> Exercise: Output all of the data below without changing a word, and exclude the pictures.

> Material provided:

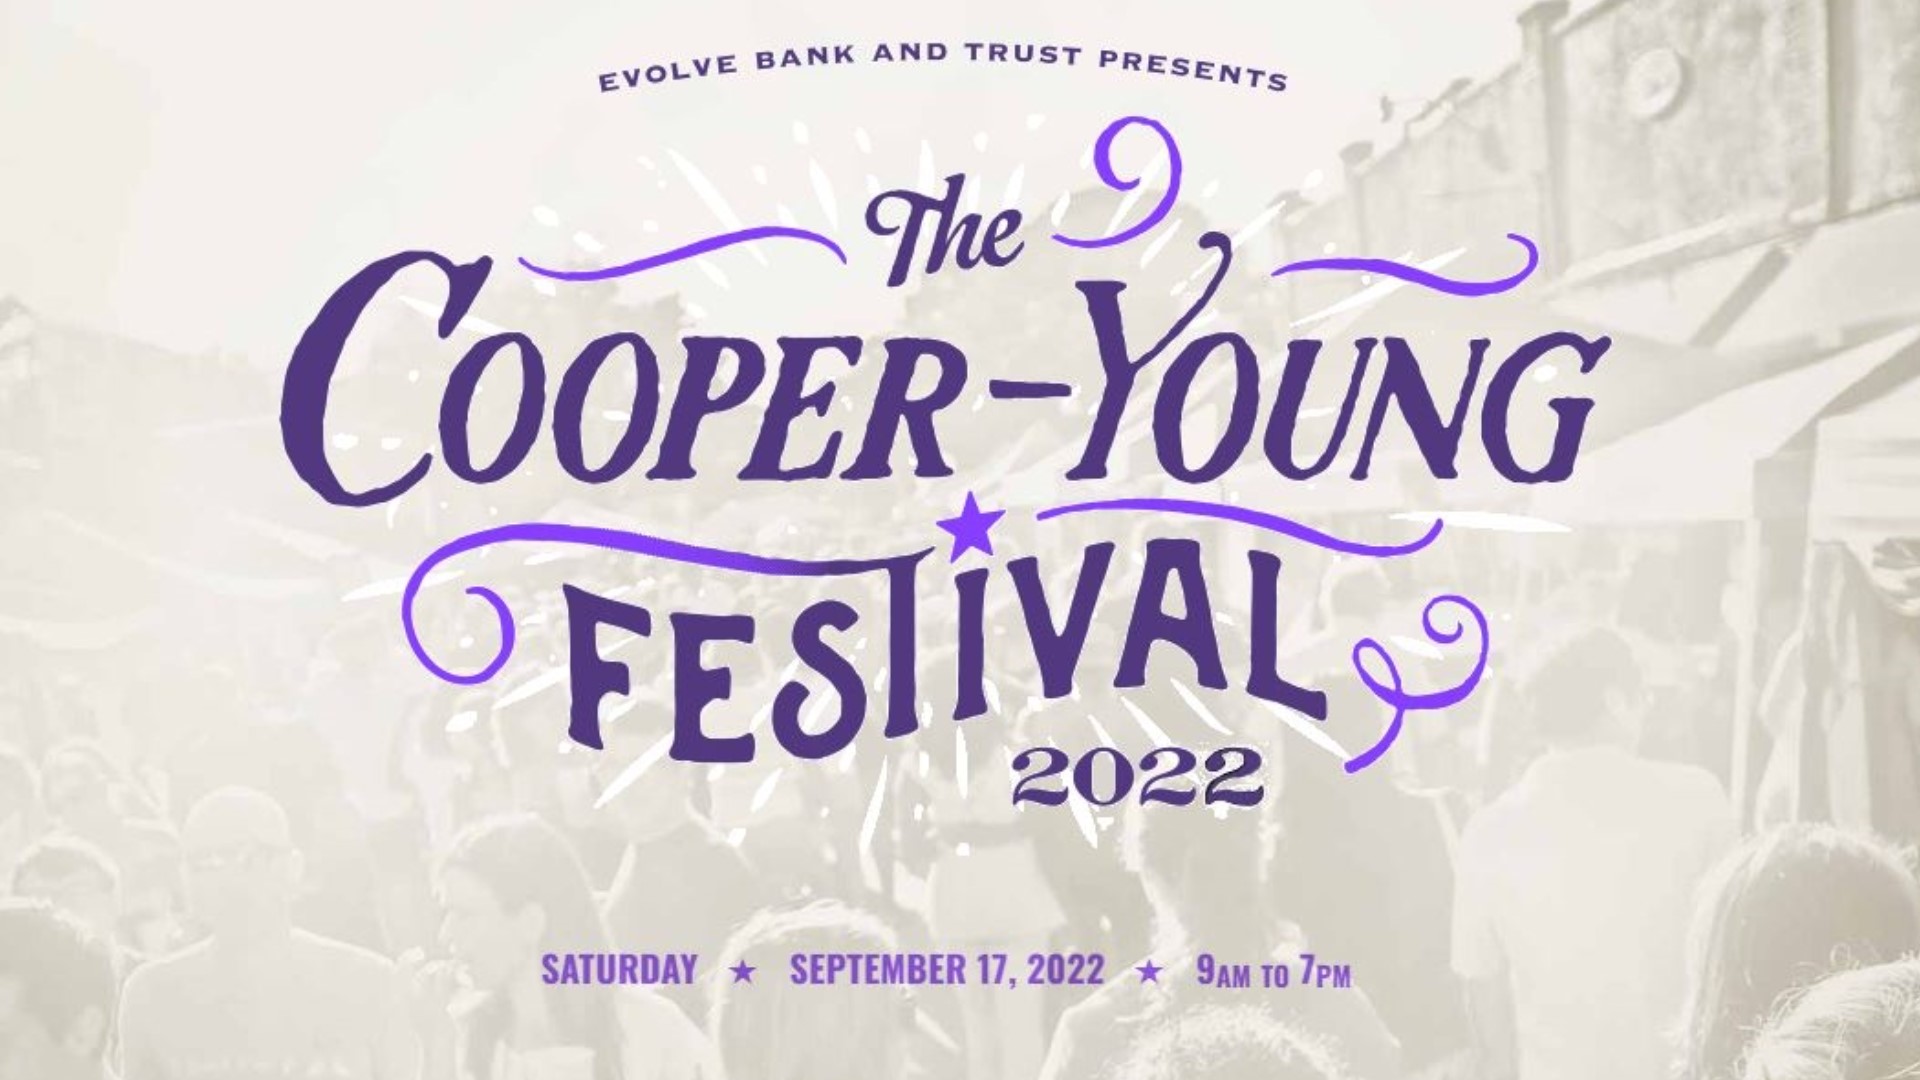 The 2022 Cooper-Young Festival returns Sept. 17 from 9 a.m. to 7 p.m.
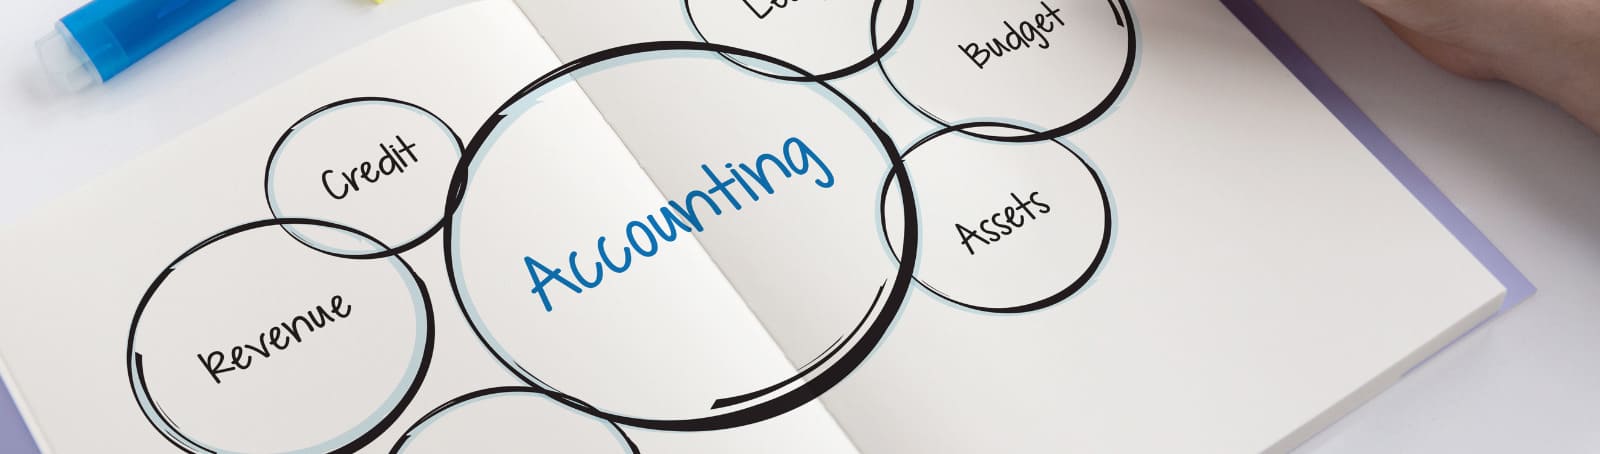 How to Audit and Review Your Accounting Services
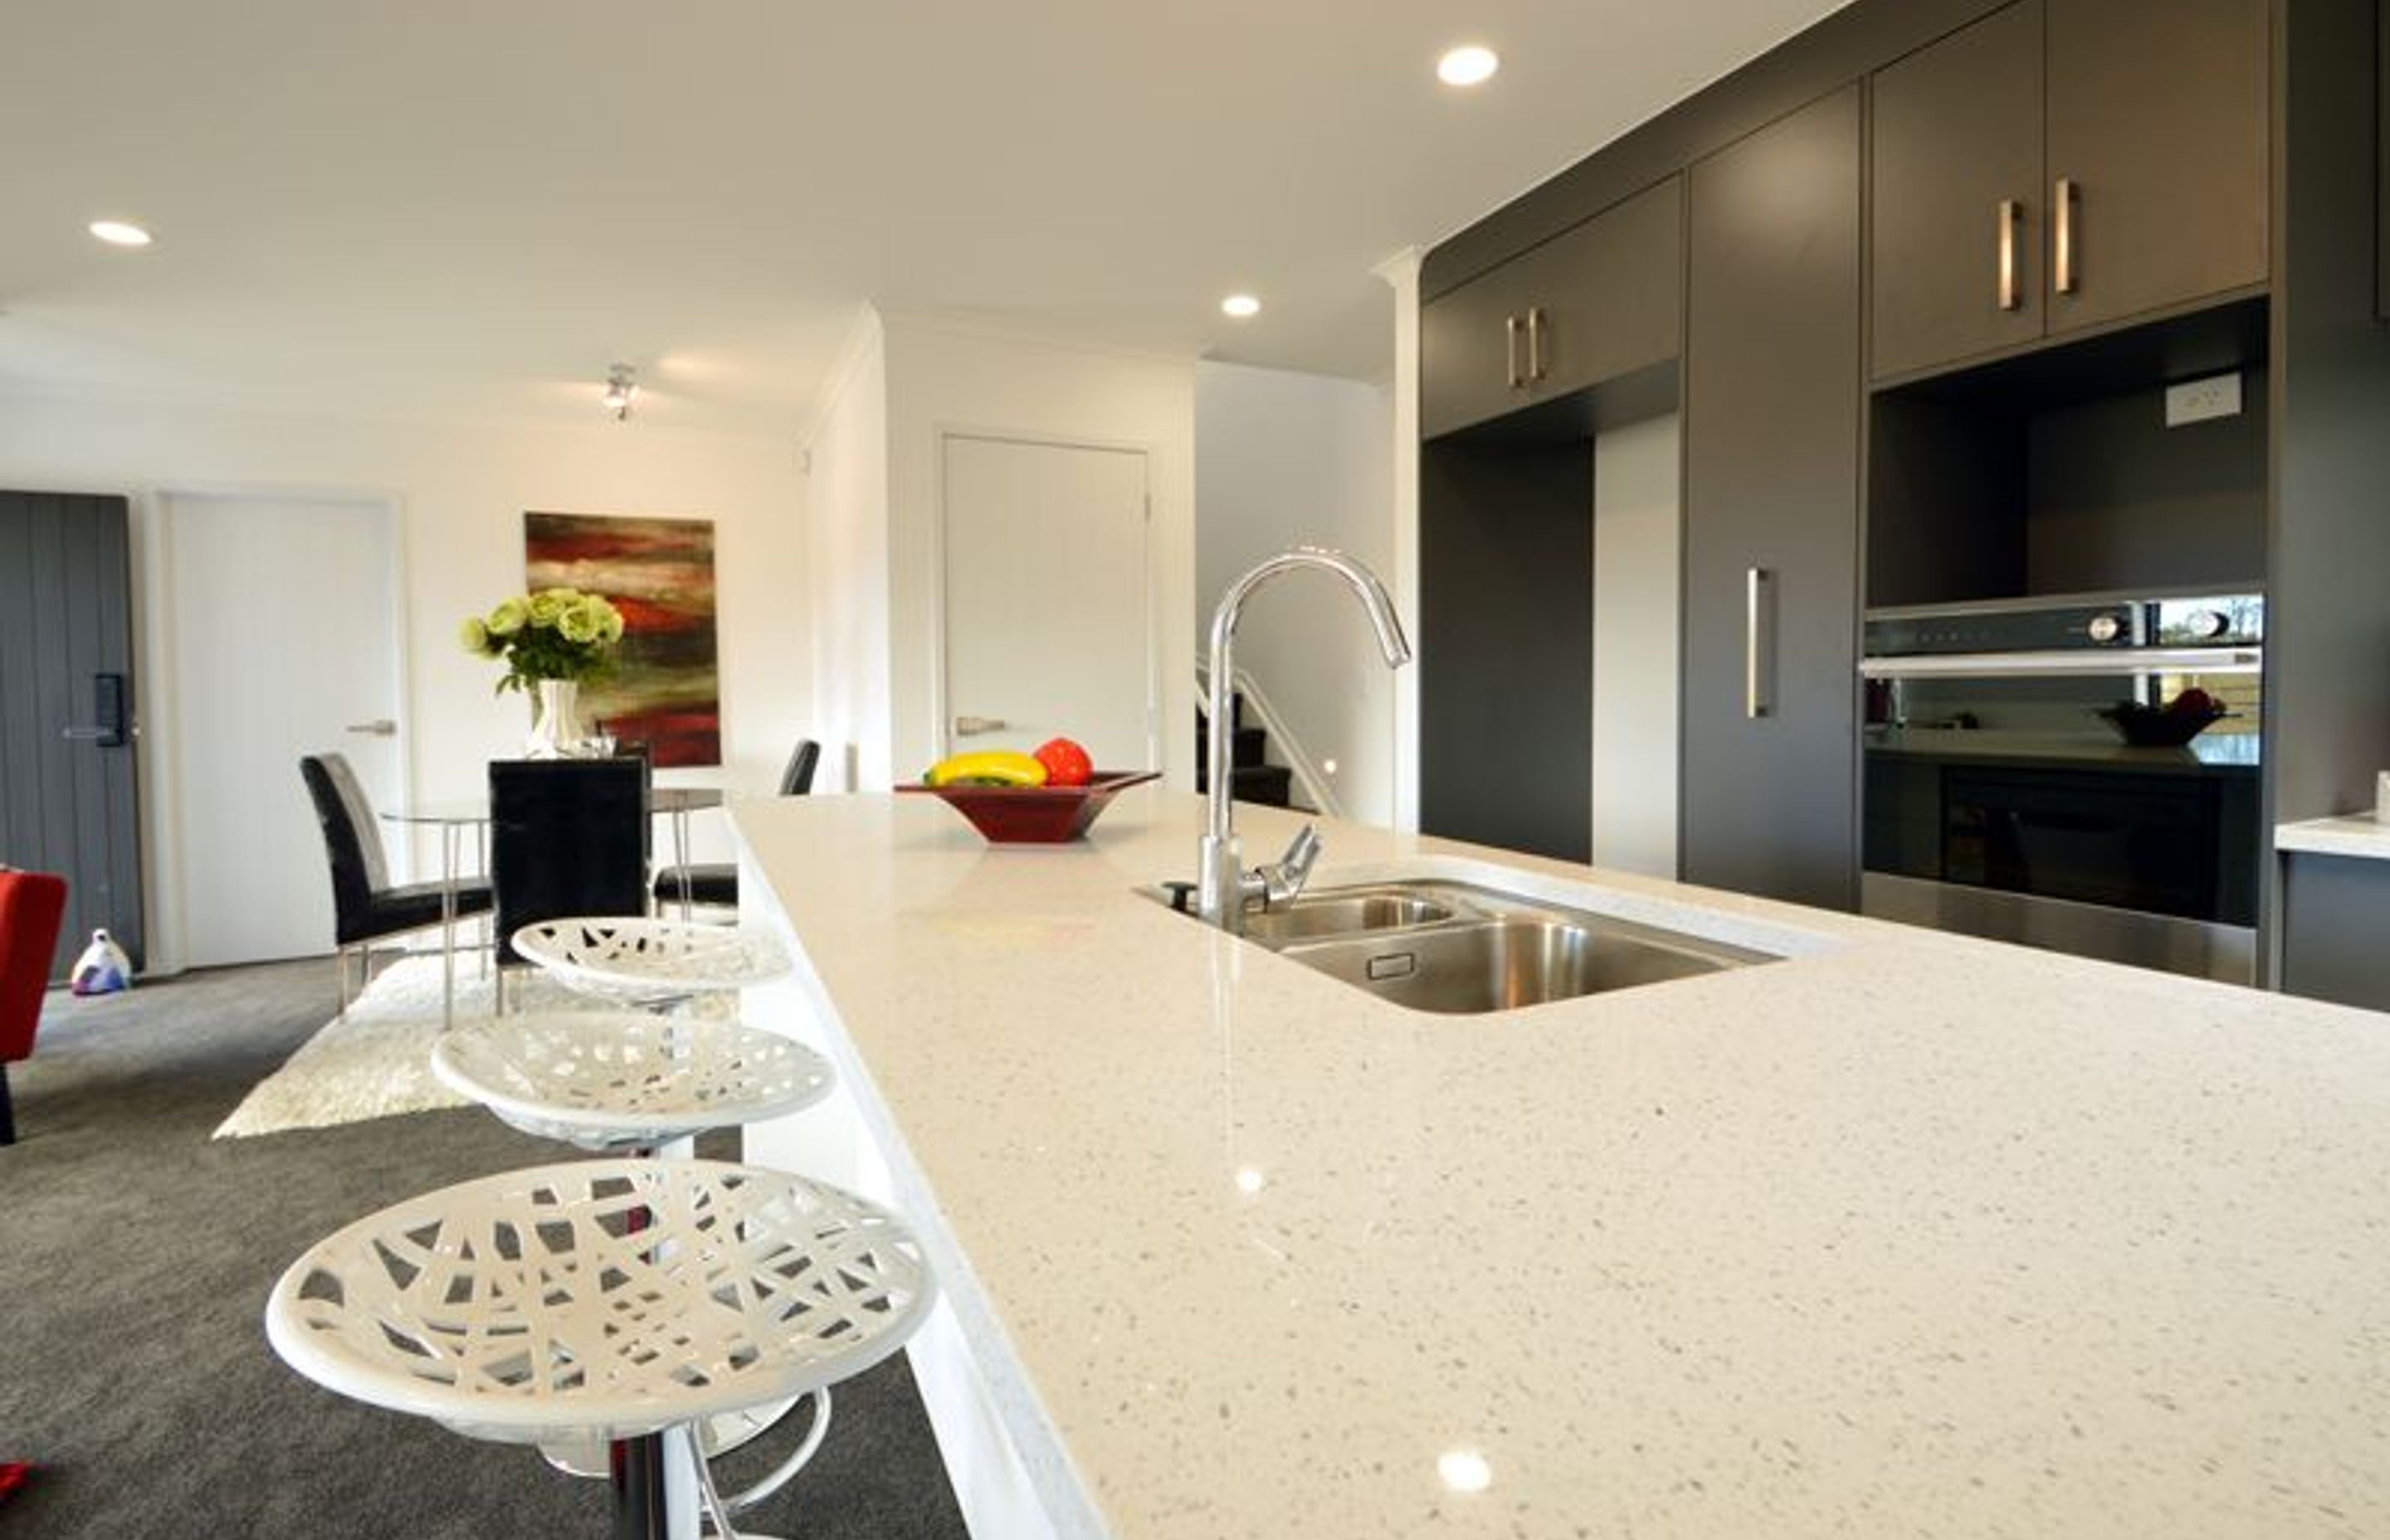 Kitchen - Modern user friendly kitchen with lots of light and breakfast bar for the family to enjoy
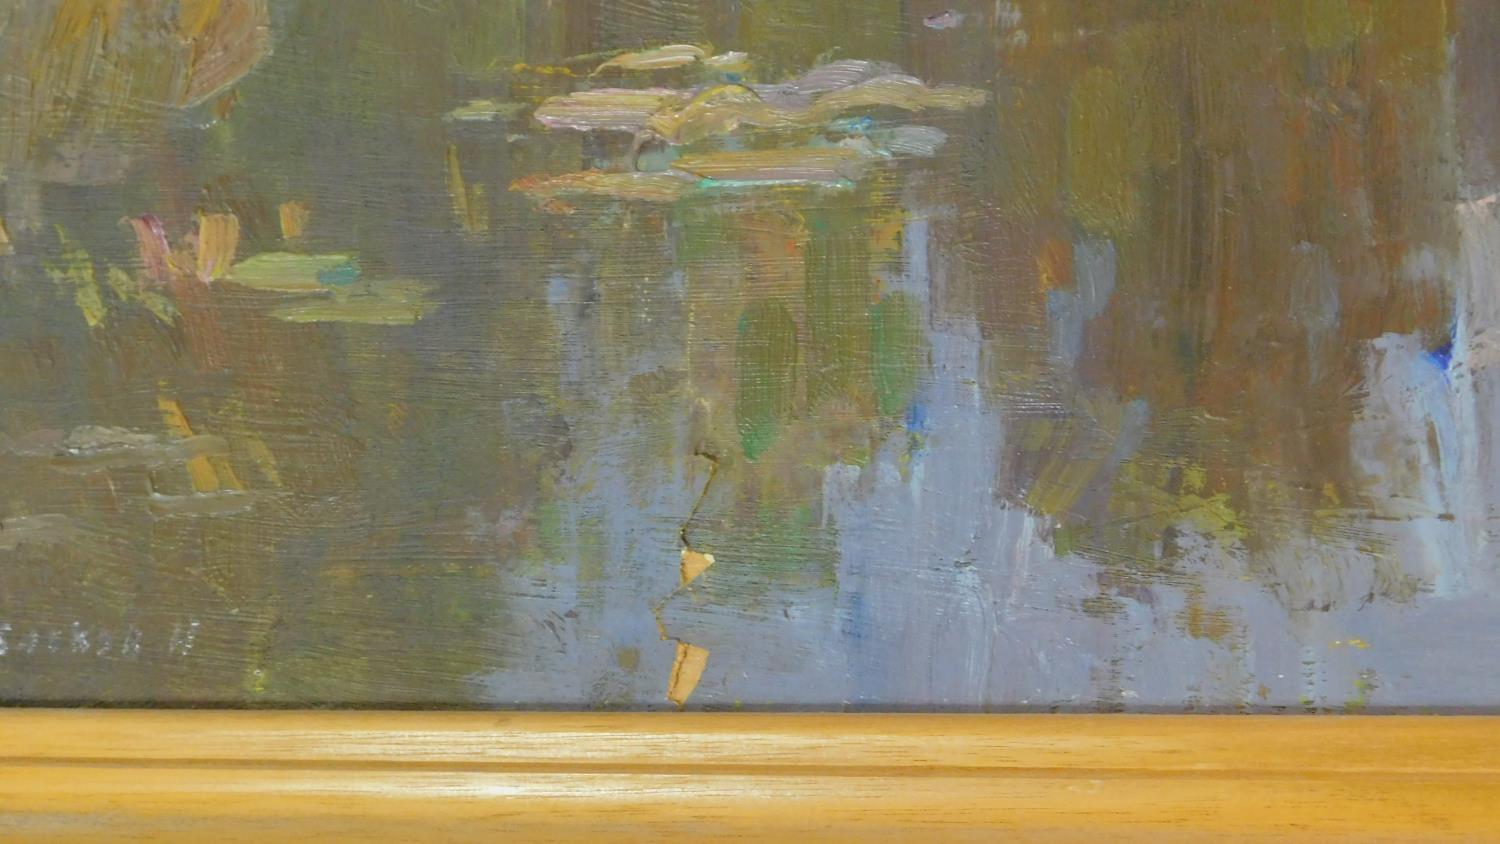 A framed oil on board, silver birches in a lakescape, signed in Russsian cyrillic, possibly N. - Image 5 of 6
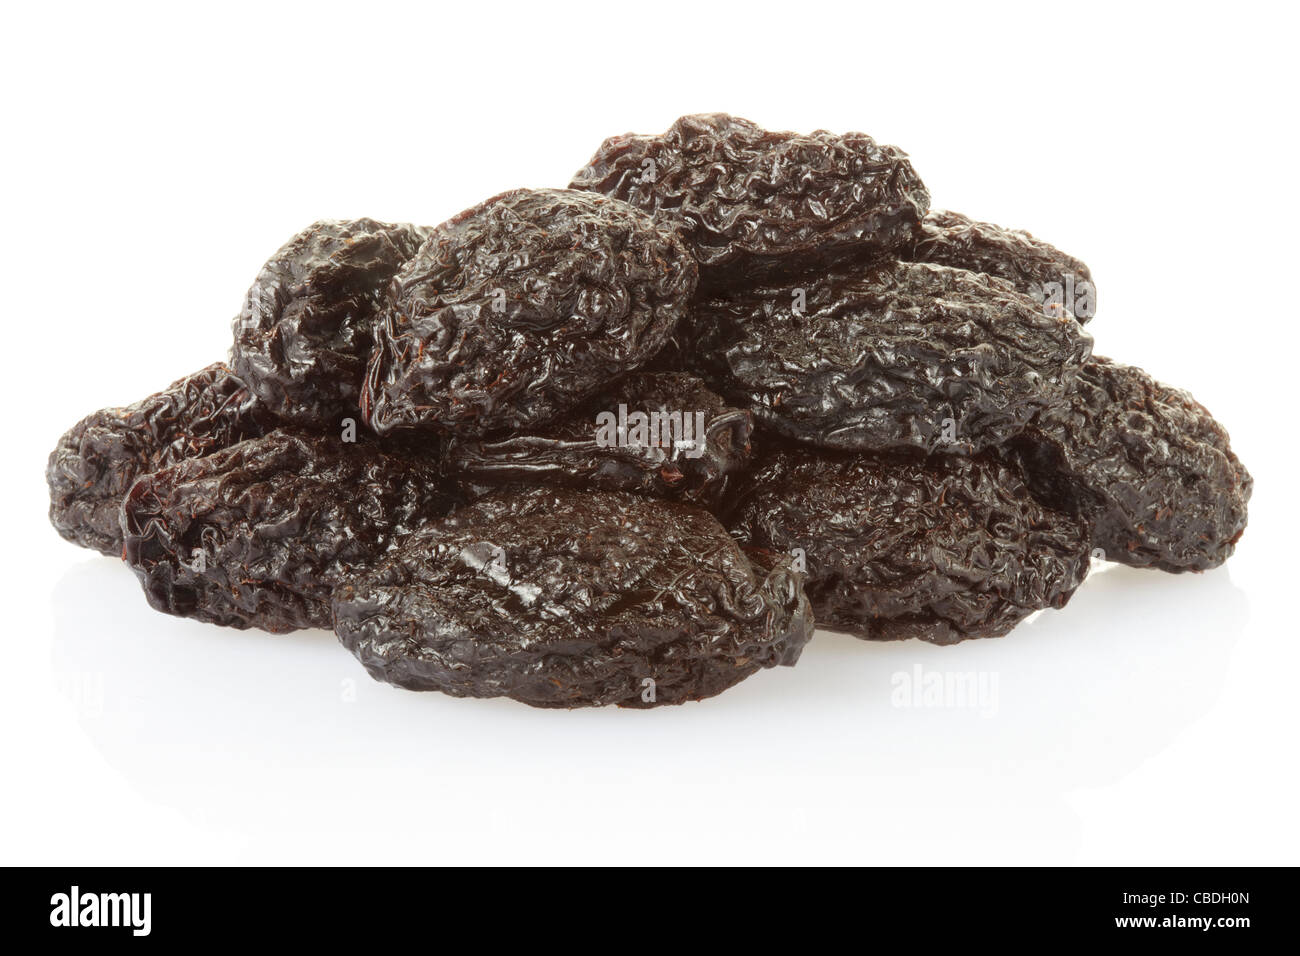 Dried plums or prunes Stock Photo

> Completed exercise:
 The 2022 Cooper-Young Festival returns Sept. 17 from 9 a.m. to 7 p.m.
 How to Audit and Review Your Accounting Services
 Kitchen - Modern user friendly kitchen with lots of light and breakfast bar for the family to enjoy
 A framed oil on board, silver birches in a lakescape, signed in Russsian cyrillic, possibly N. - Image 5 of 6
 Dried plums or prunes Stock Photo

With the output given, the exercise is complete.